Consider the yelps of joy (from everyone except Ian Paisley) that greeted news of the IRA’s disarmament. The clichéd response was to say that ‘the IRA has finally taken the gun out of Irish politics’ (5). One report claimed that it was the fact that the IRA remained heavily armed over the past 10 years, during what was supposed to be a peace process, which ‘perhaps more than anything else…prevented peace’ (6). Anyone would think that it was the mere existence of IRA weapons that started the war in Northern Ireland and kept it going for 25 years (from 1969 to 1994). This overlooks one small fact: the IRA had virtually no weapons when the conflict began.
The IRA split in late December 1969, when its Dublin-based leaders refused to send weapons to aid beleaguered nationalist communities in Northern Ireland, which was fast descending into violent conflict between Catholics and allied Unionist and British forces. The Official IRA stayed in Dublin, while the Provisional IRA, with a new leadership in Belfast, set about acquiring weapons (even relying, at one stage, on officials in the Dublin government to smuggle handguns north of the border). So the Provisional IRA didn’t even come into existence, much less start arming itself, until a year-and-a-half after the violent clashes over Catholic civil rights in 1968 and four months after the British Army was deployed in August 1969. The Provos first shot and killed a British soldier in February 1971, a full 18 months after the British Army’s arrival.
Today’s focus on numbers and types of IRA weapons, with those scary photos of IRA arms caches that apparently did so much to ‘prevent peace’, overlooks the fact that some of the fiercest clashes in Northern Ireland – such as the three-day Battle of the Bogside in Derry in August 1969 – involved stones and petrol bombs, not Kalashnikovs smuggled from overseas. Even the Provisional IRA itself remained as reliant on homemade devices as it did on traditional weaponry. It used ‘coffee-jar bombs’ against the RUC and British soldiers; in one of its most audacious attacks, when in 1991 it launched mortars at 10 Downing Street while then prime minister John Major was holding a Cabinet meeting to discuss the Gulf War, the mortars were fired from specially reconstructed drain pipes from the back of a van parked on Whitehall.

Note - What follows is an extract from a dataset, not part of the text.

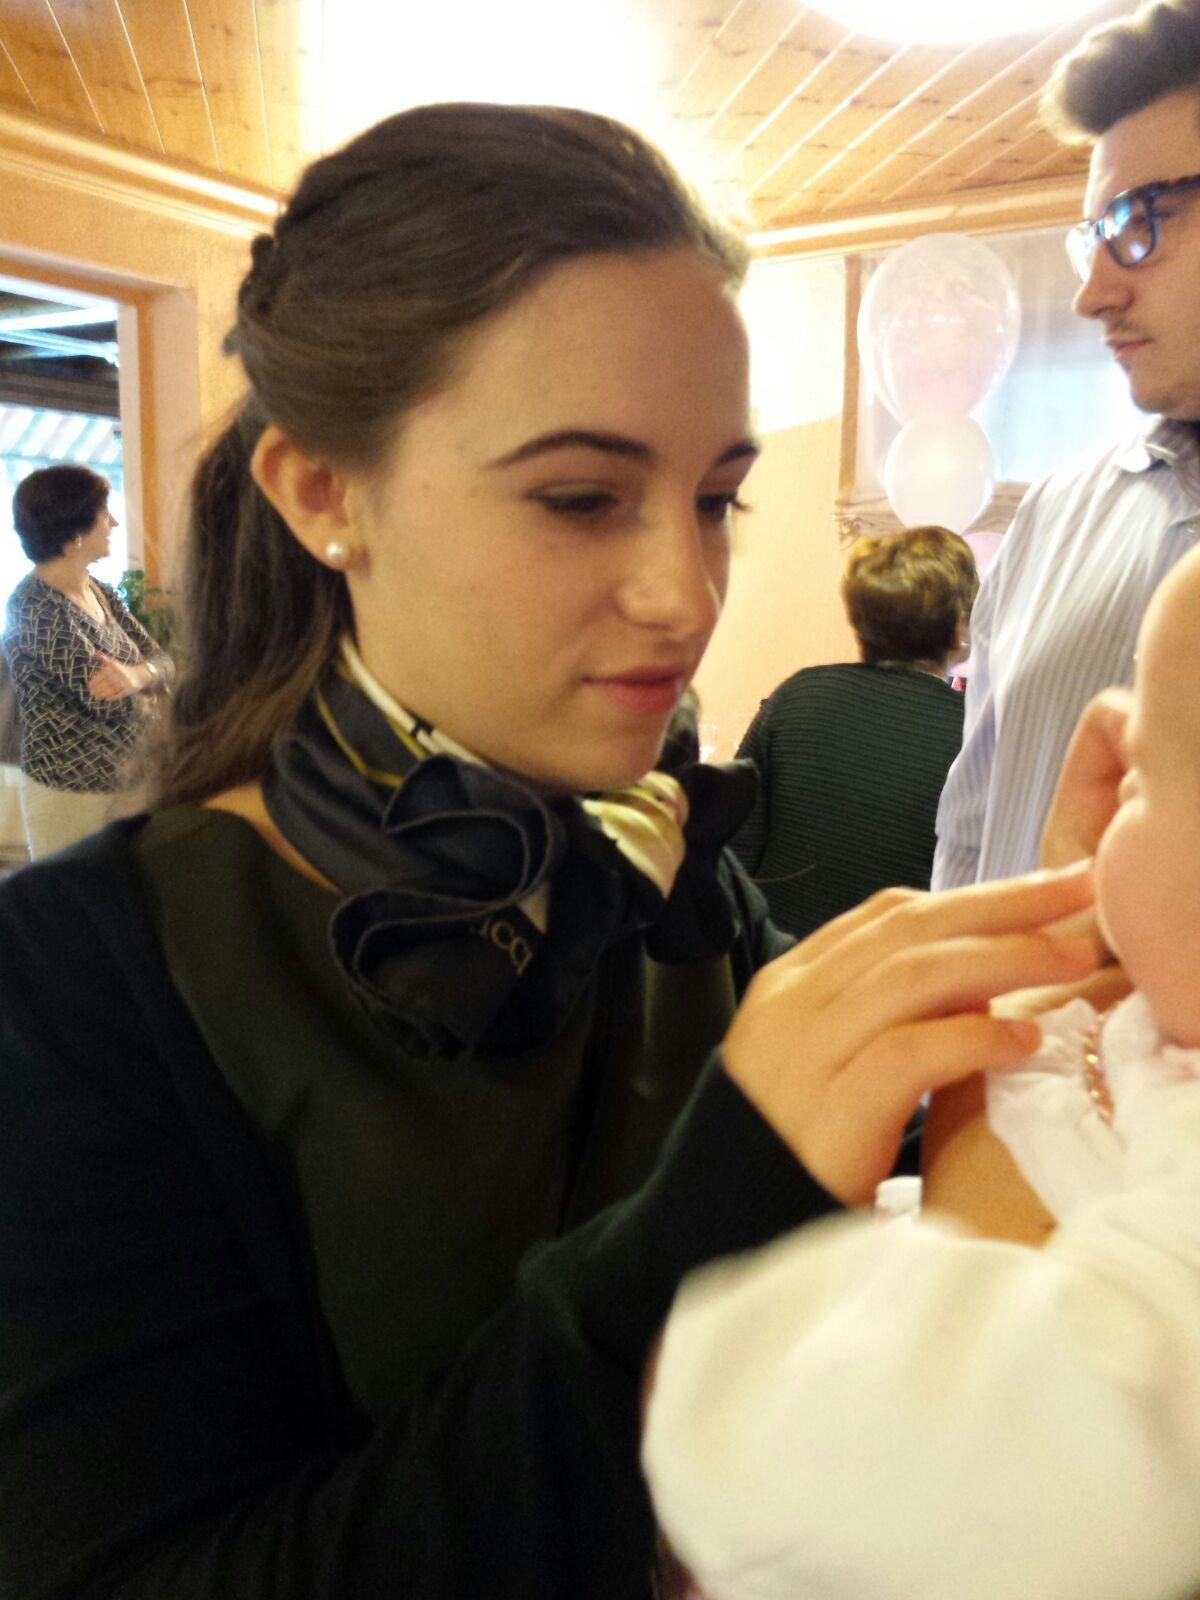 Giulia (18) aus Italien, sucht Familie für 6 Monate ab Januar 2020

And for all the claims about Libya and other dodgy foreign elements arming the Provisional IRA to the teeth in the 1980s, in fact the list of its arms – as obsessed over in newspapers following the news of disarmament – looked remarkably small. Apparently the IRA had 650 Kalashnikovs, which is not that much, when you consider that at one point there were 32,000 British security forces, all of whom were armed, in Northern Ireland.
It is bizarre to claim either that it was the IRA who put the gun into Irish politics or that it was the existence of guns that kept peace at bay. There was violent conflict in Northern Ireland before there were IRA guns, and that conflict often involved unarmed citizens throwing whatever they could get their hands on at RUC officers or British soldiers. It was politics that drove the conflict, and arms were only acquired as part of that political clash. To reduce the Troubles to a question of guns, semtex and mortars – and to claim that it was a great groundbreaking moment when those guns, semtex and mortars were put beyond use – is to depict the conflict as some kind of macho outburst, where all that was required was to remove the toys from the boys. It rewrites a clash between a group of people with political aspirations and state forces with very different aspirations as a problem of there being too many guns lying around for idle hands.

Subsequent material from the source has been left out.